Stetson University – DeLand, FL
Stetson University allows students to bring fish, rabbits, hamsters, gerbils, guinea pigs, rats, mice, cats and dogs under 50 pounds to pet-friendly housing areas on campus. While several breeds of dogs including pit bulls and Rottweilers are prohibited, the college nonetheless won the Halifax Humane Society’s 2011 Wingate Award for encouraging responsible pet ownership.

Eckerd College – St. Petersburg, FL
Students with pet ducks are in luck at Eckerd College. In addition to cats, small dogs and rabbits, the college allows owners of waterfowl to cohabitate with their feathered friend in its pet friendly dormitories. All pets on the Eckerd campus must be registered with Eckerd’s pet council.

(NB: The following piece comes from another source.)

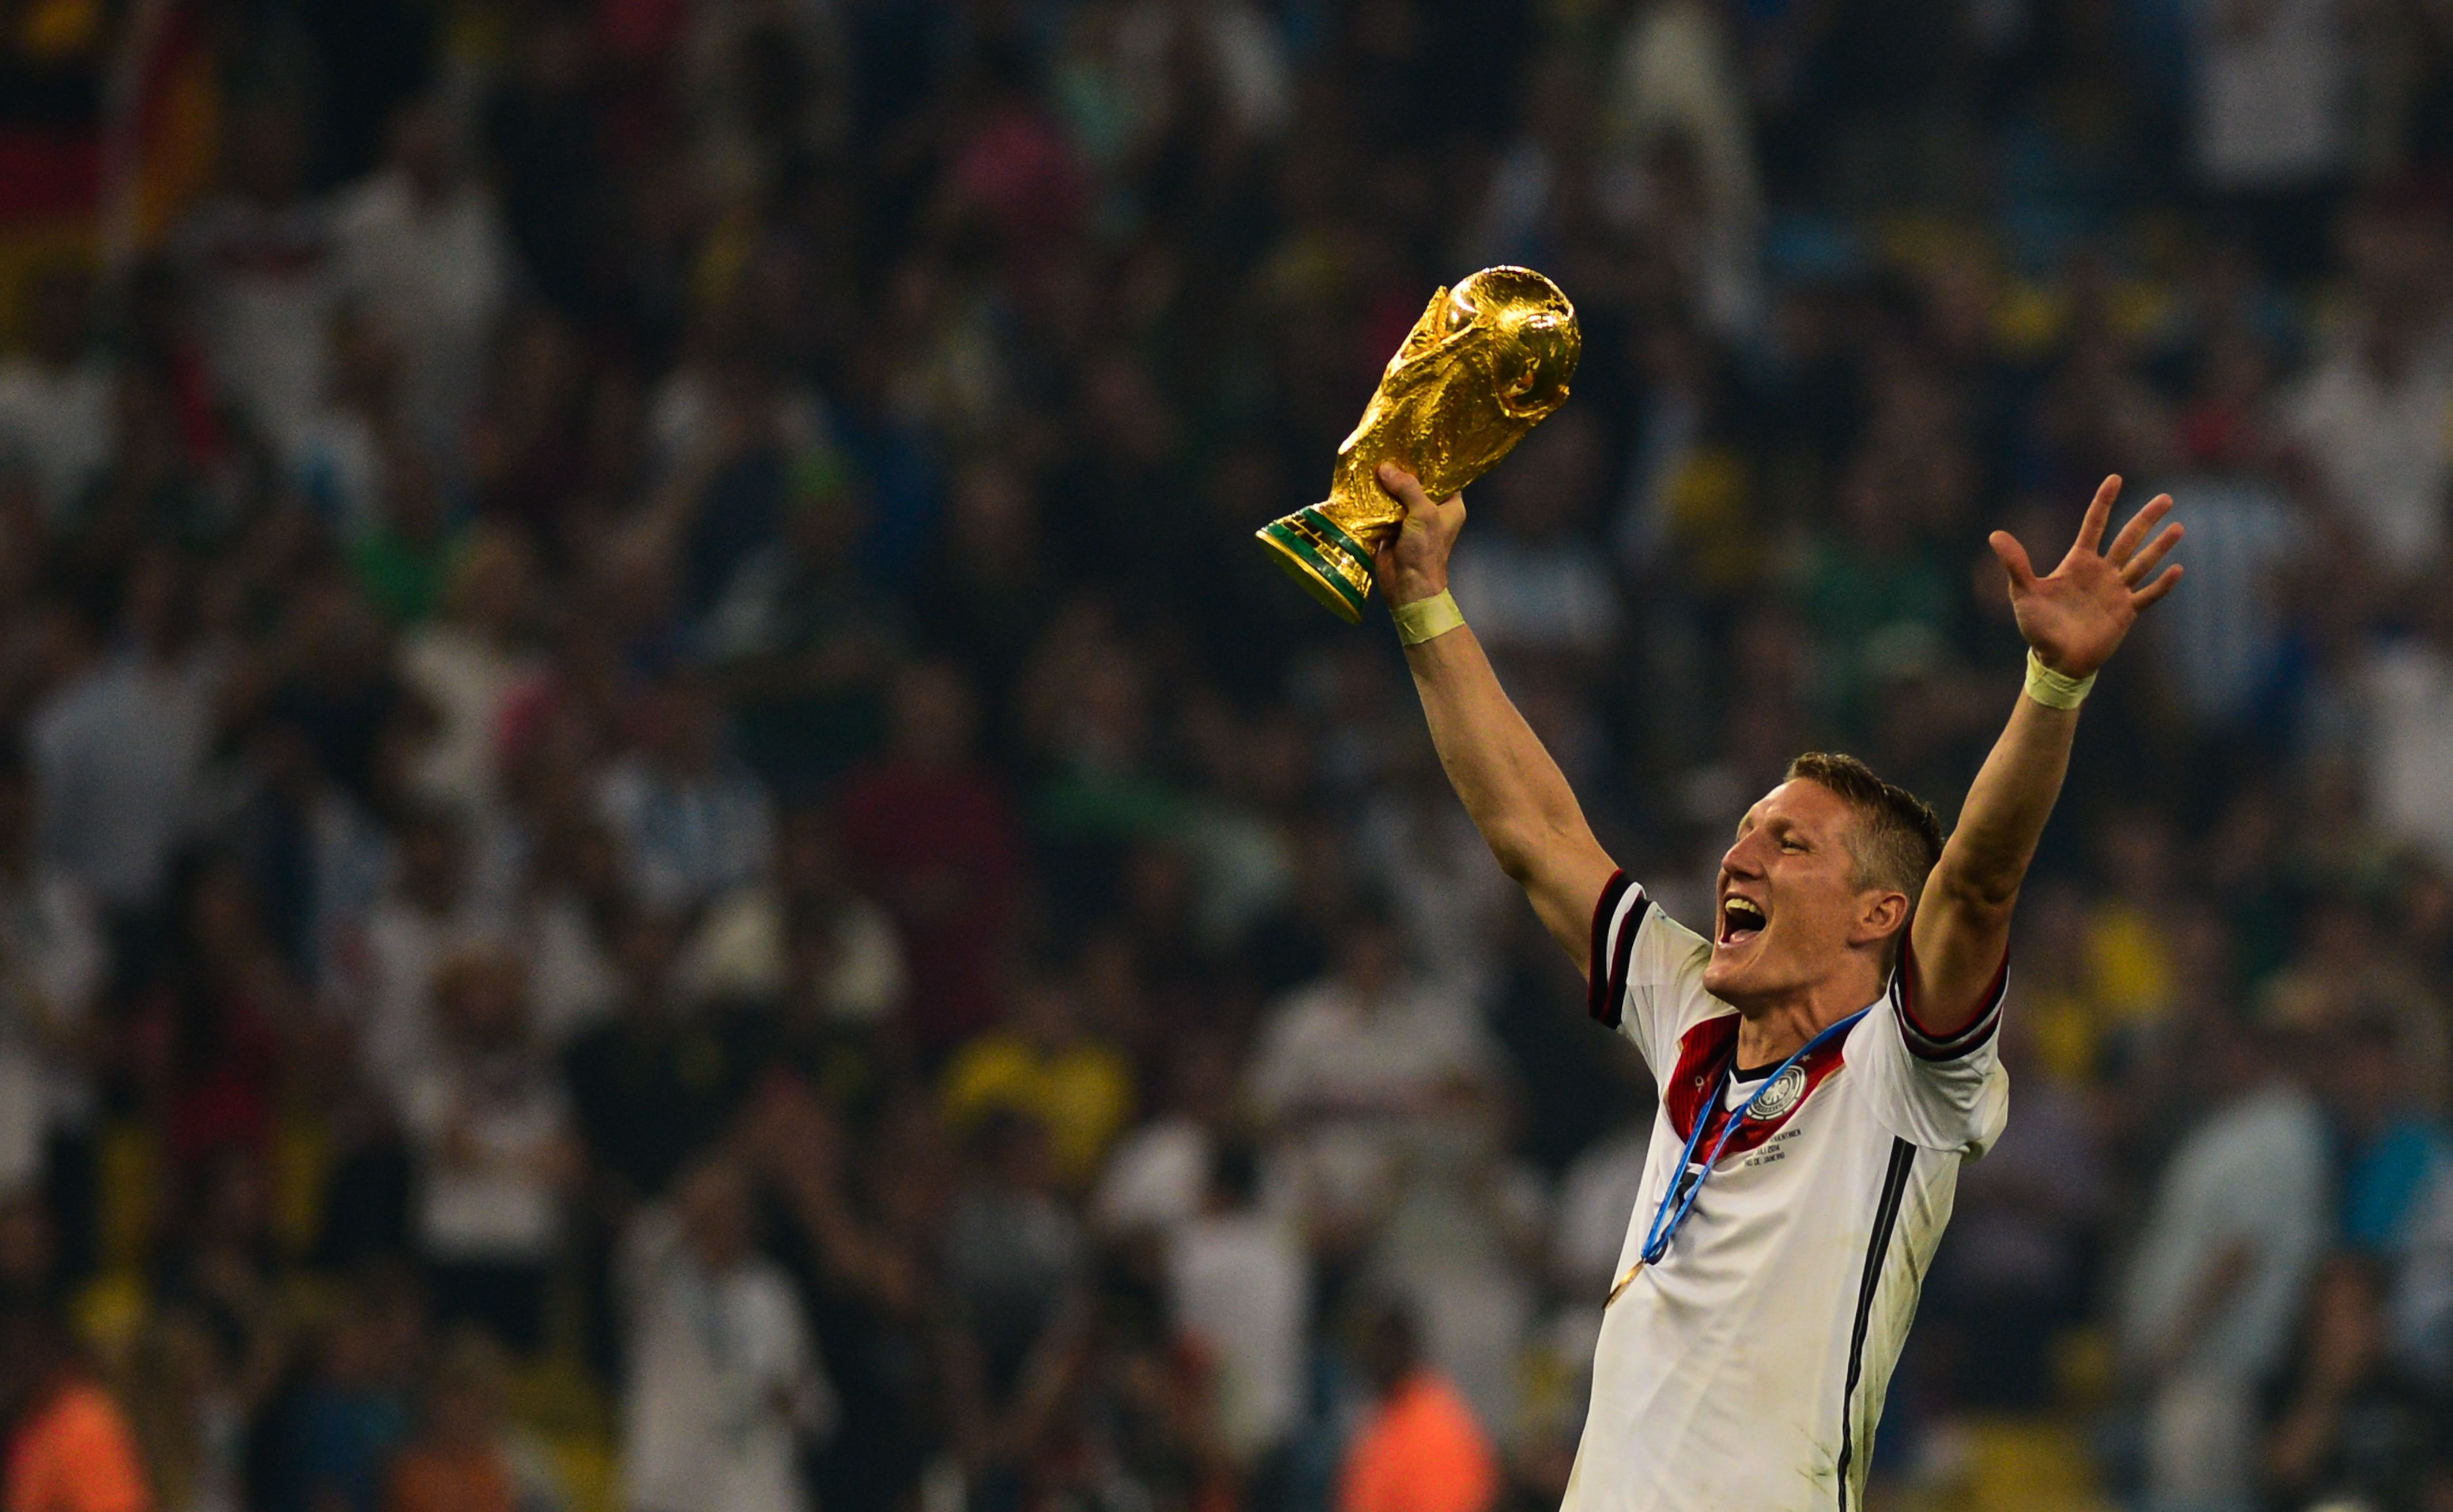 Finale Der Fussball Weltmeisterschaft 2014 Wikipedia

Stephens College – Columbia, MO
Stephens College is home to Searcy Hall, affectionately referred to by students as “Pet Central.” In addition to welcoming cats and small dogs, Stephens offers an on-campus doggie daycare and opportunities to foster pets through a nearby no-kill animal rescue organization.

Caltech – Pasadena, CA
Students housed in Caltech’s seven pet-friendly dorms are allowed to keep up to two indoor cats. Cats are provided with an ID tag by Caltech’s housing office, and students must remove cats if neighbors complain.

SUNY Canton – Canton, NY
State University of New York’s Canton campus has a designated pet wing where students are allowed to keep one cat or a small caged pet with the approval of the residence hall director. Pets in this area are allowed free reign in the hall, as the school’s pet wing community tries to promote a family-like atmosphere for its residents.

These are just a few of the colleges that currently allow pets on campus. In fact, a recent survey of college admissions officers found that 38% of schools have housing where some pets are permitted, with 10% of those schools allowing dogs and 8% allowing cats. Students who dread leaving Fido behind every fall might not have to if they choose a pet-friendly college.